RECORDED DATA =
--- START ---

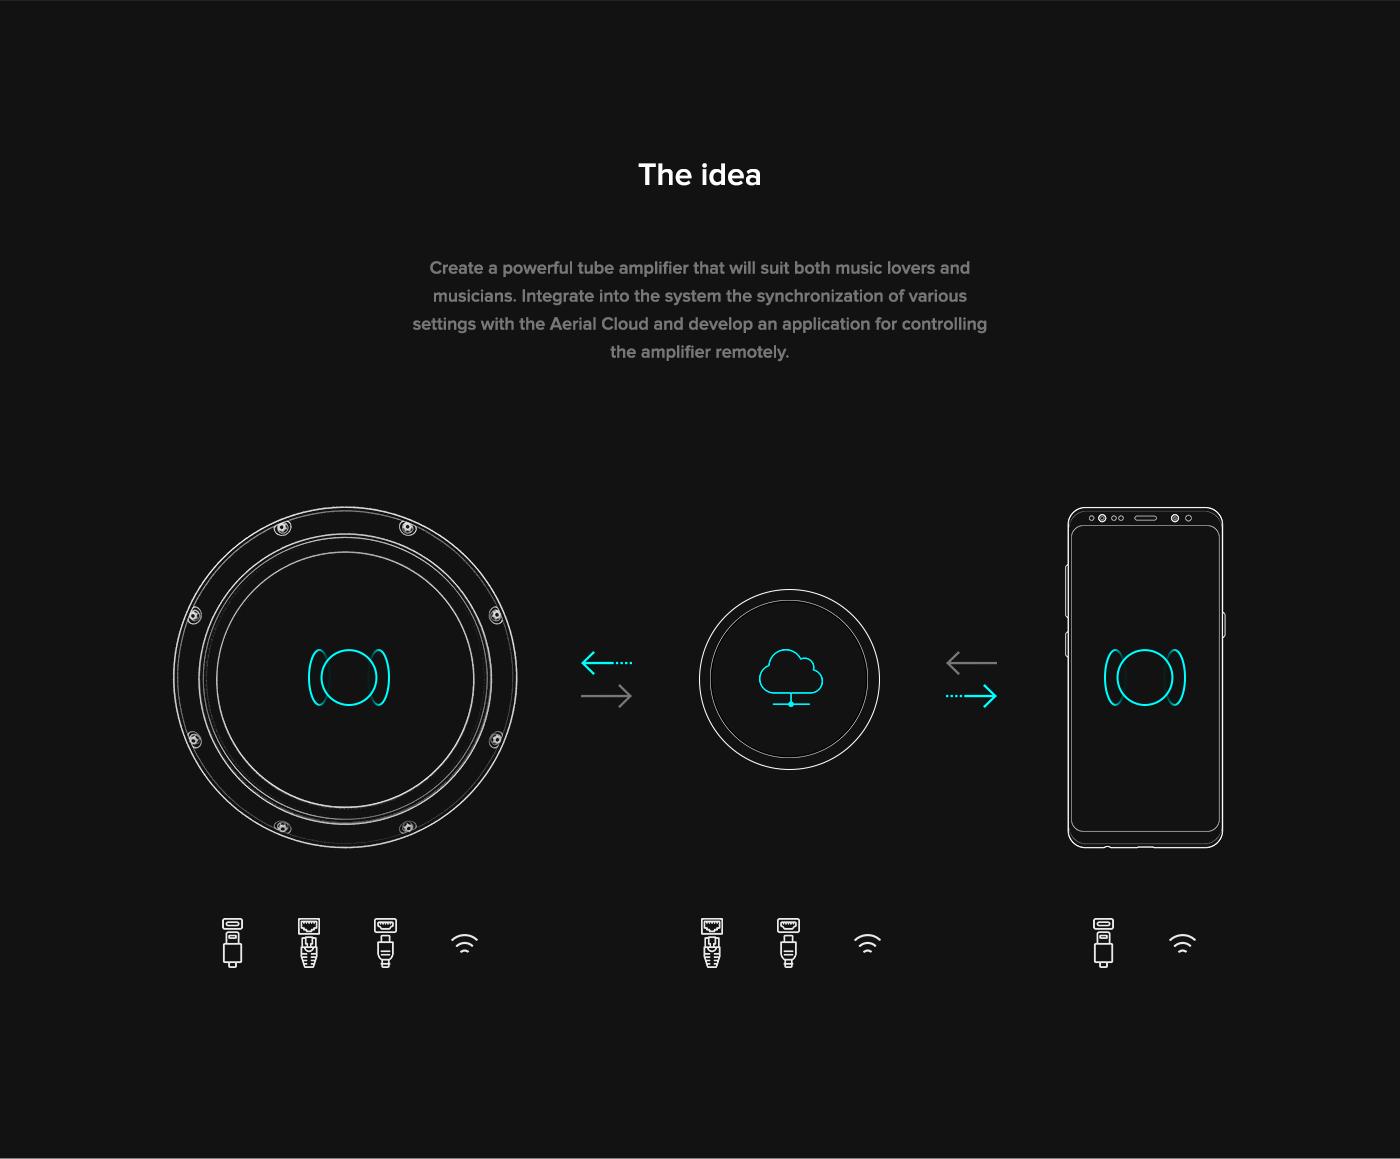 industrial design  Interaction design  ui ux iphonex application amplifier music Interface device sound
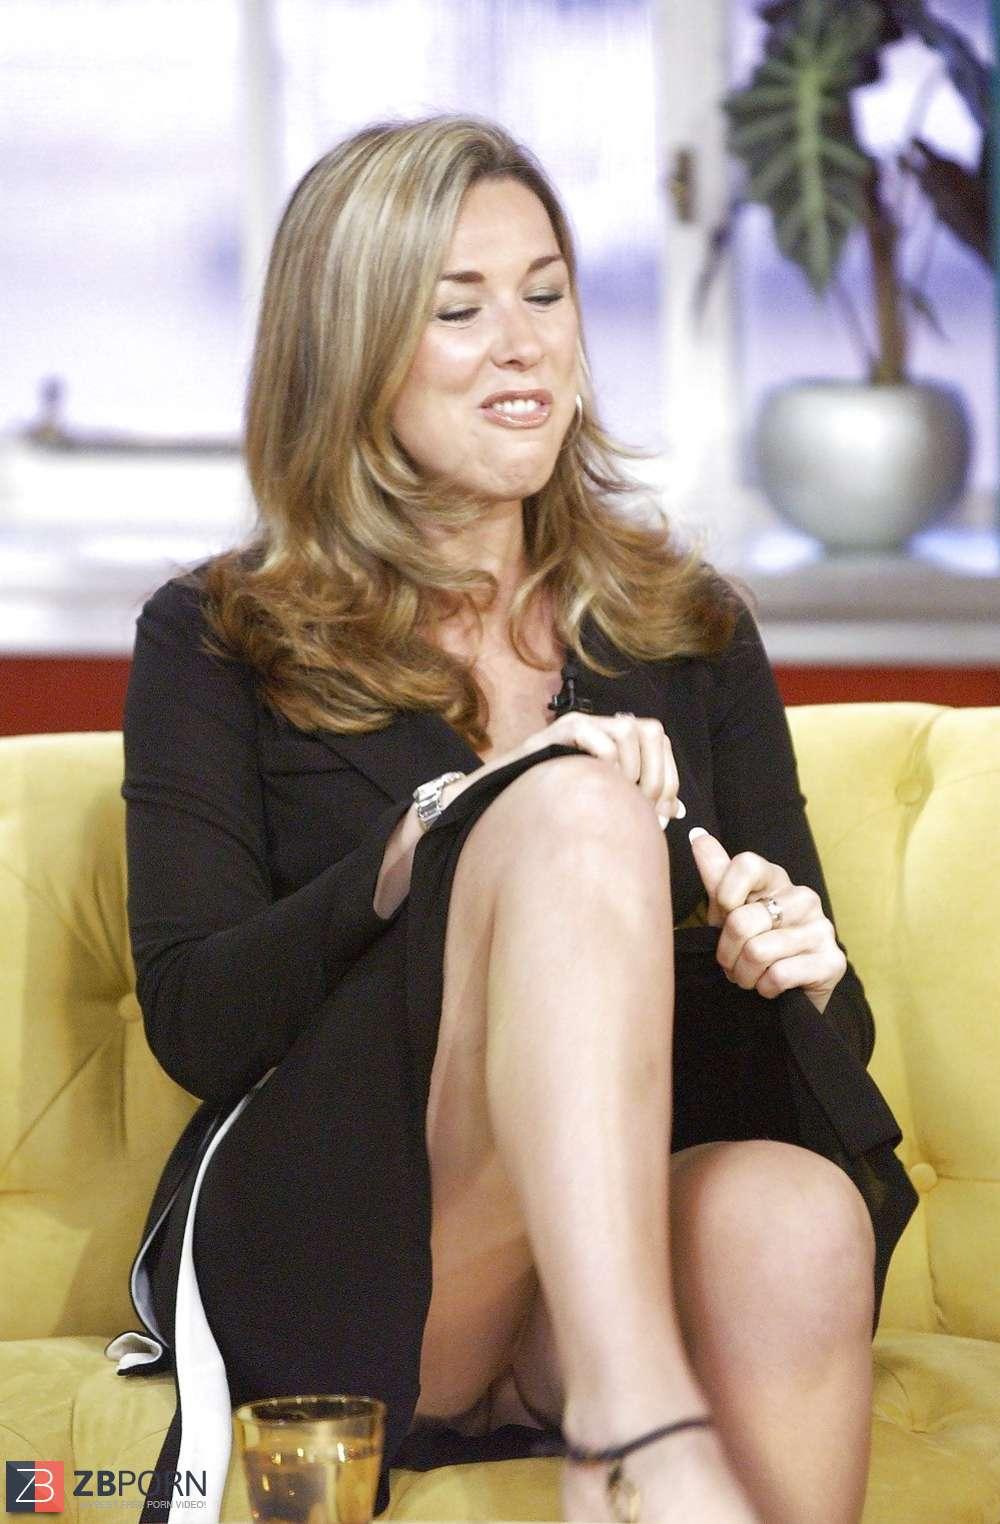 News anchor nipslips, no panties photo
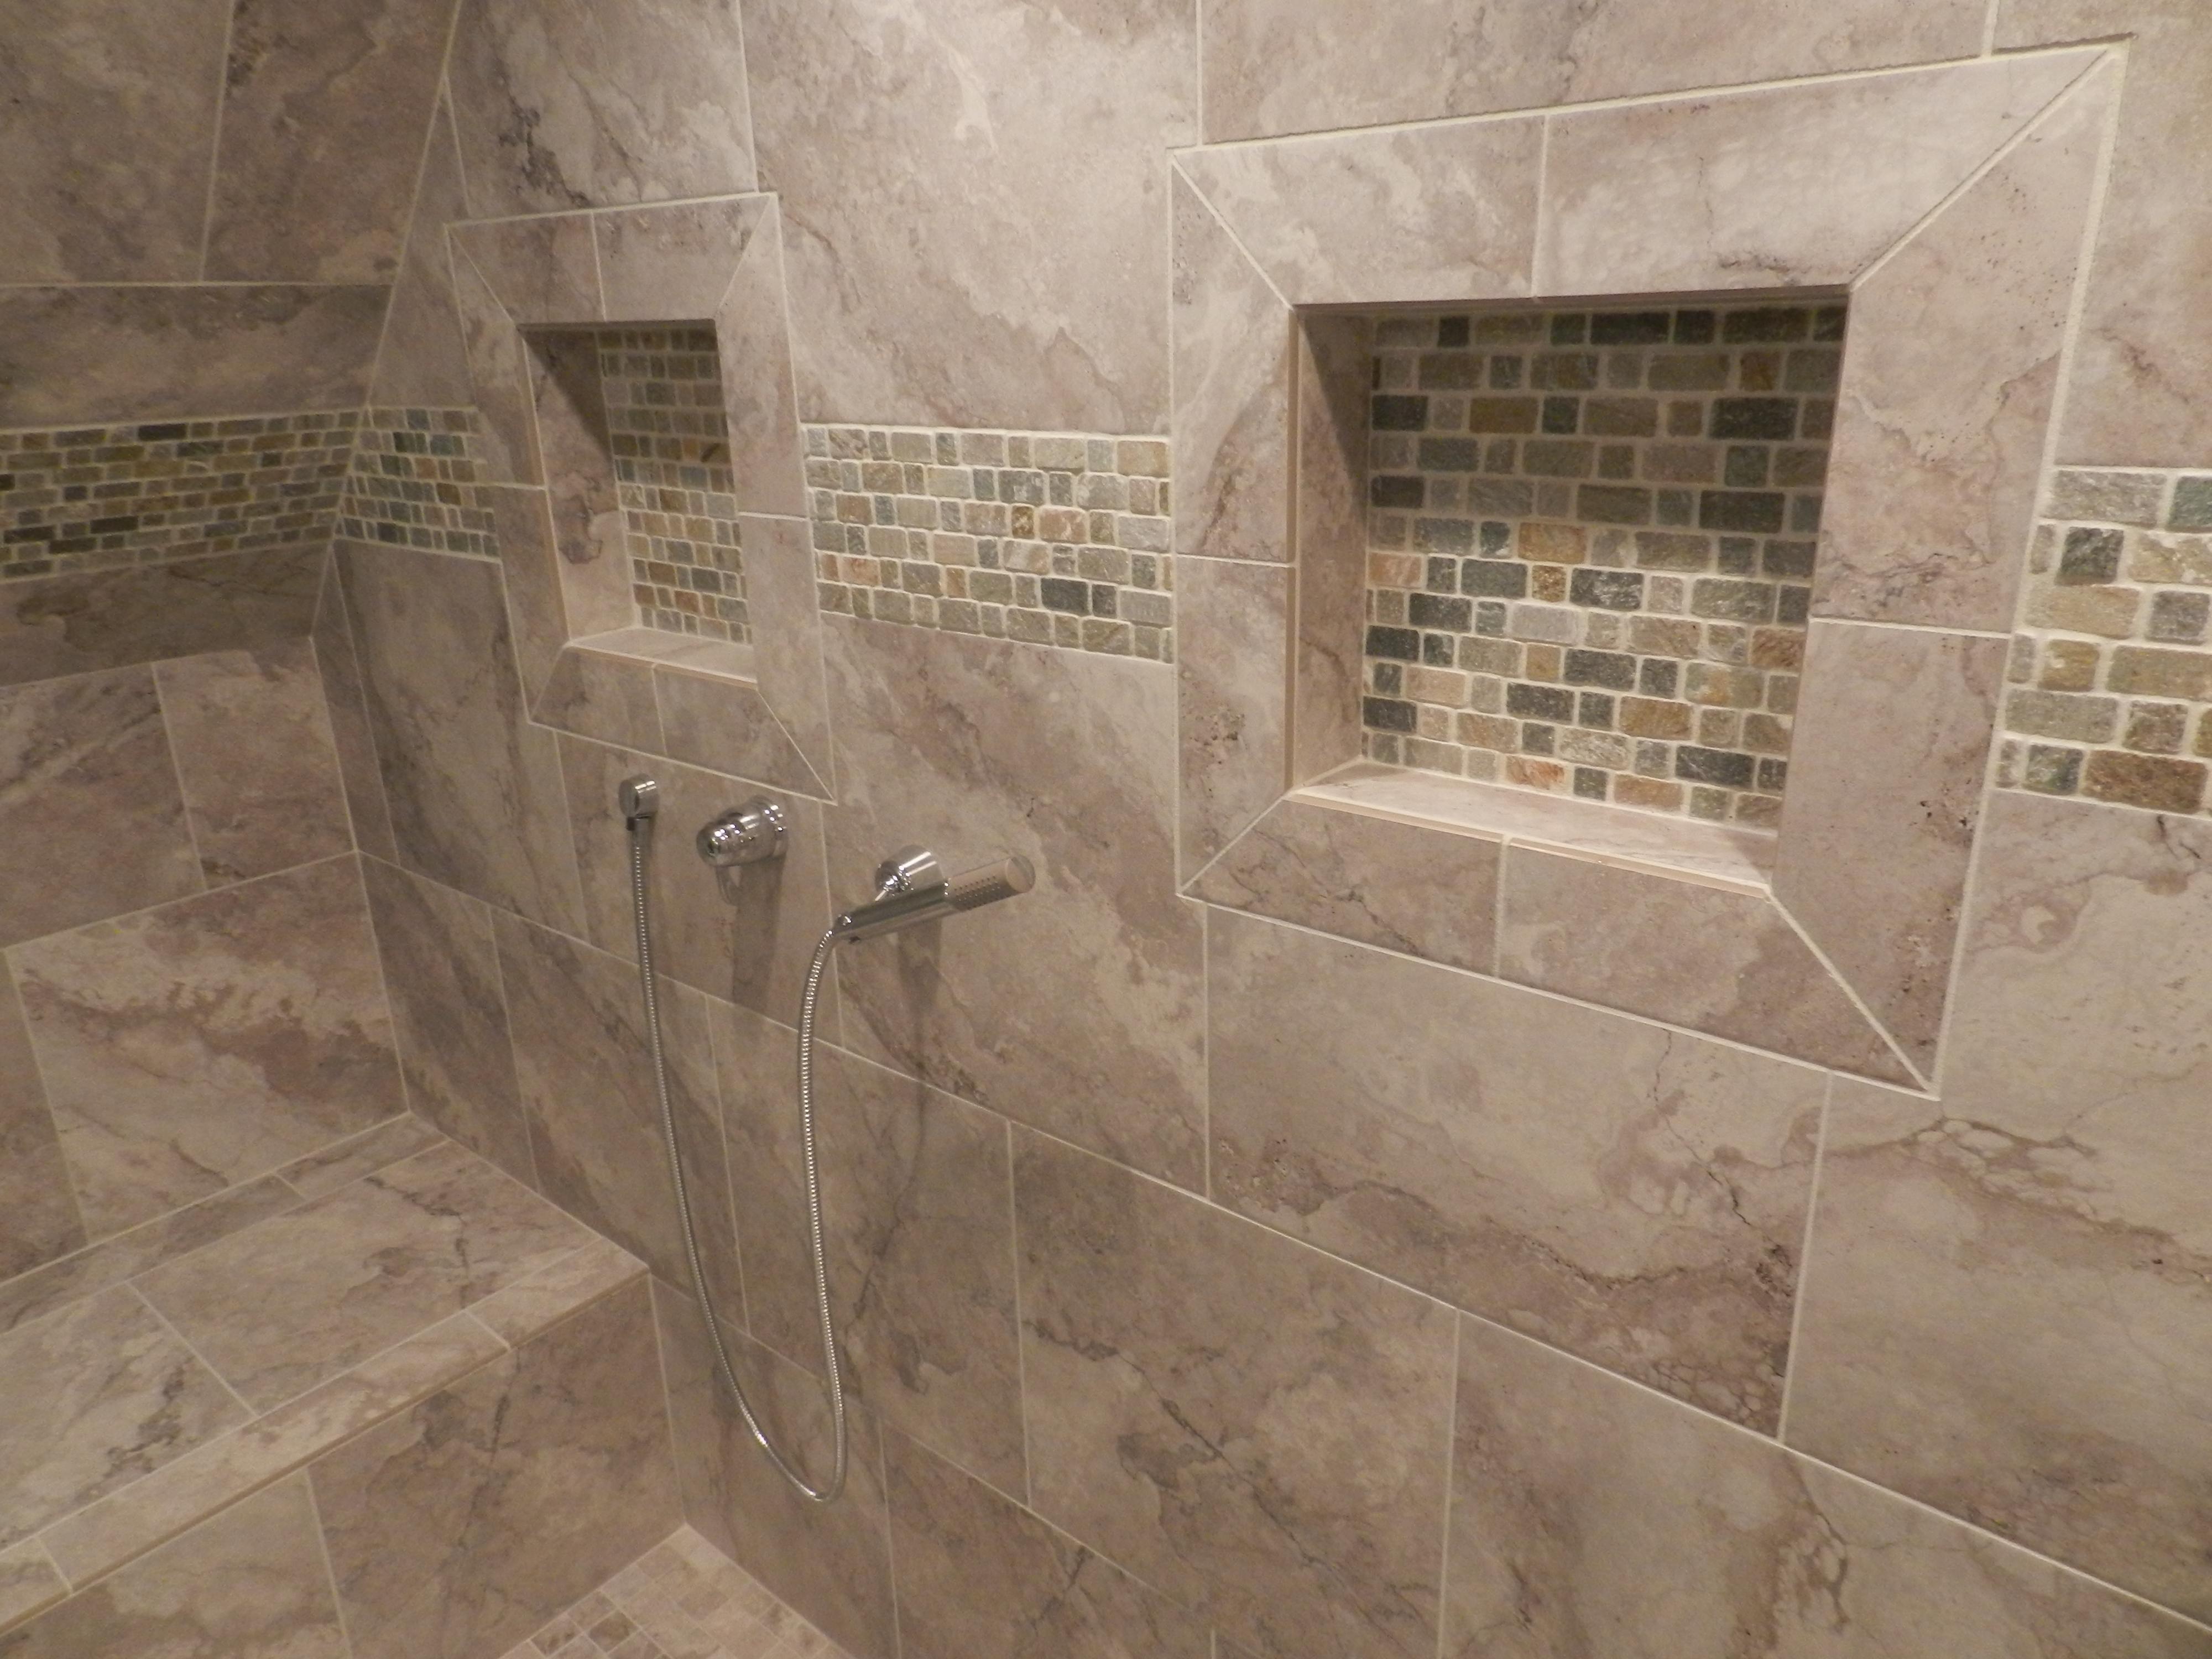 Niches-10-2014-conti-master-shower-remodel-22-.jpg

--- END ---

DIRECTIONS = Would you please copy the material exactly, leaving all the pictures out?

RESULT =
 industrial design  Interaction design  ui ux iphonex application amplifier music Interface device sound
 News anchor nipslips, no panties photo
 Niches-10-2014-conti-master-shower-remodel-22-.jpg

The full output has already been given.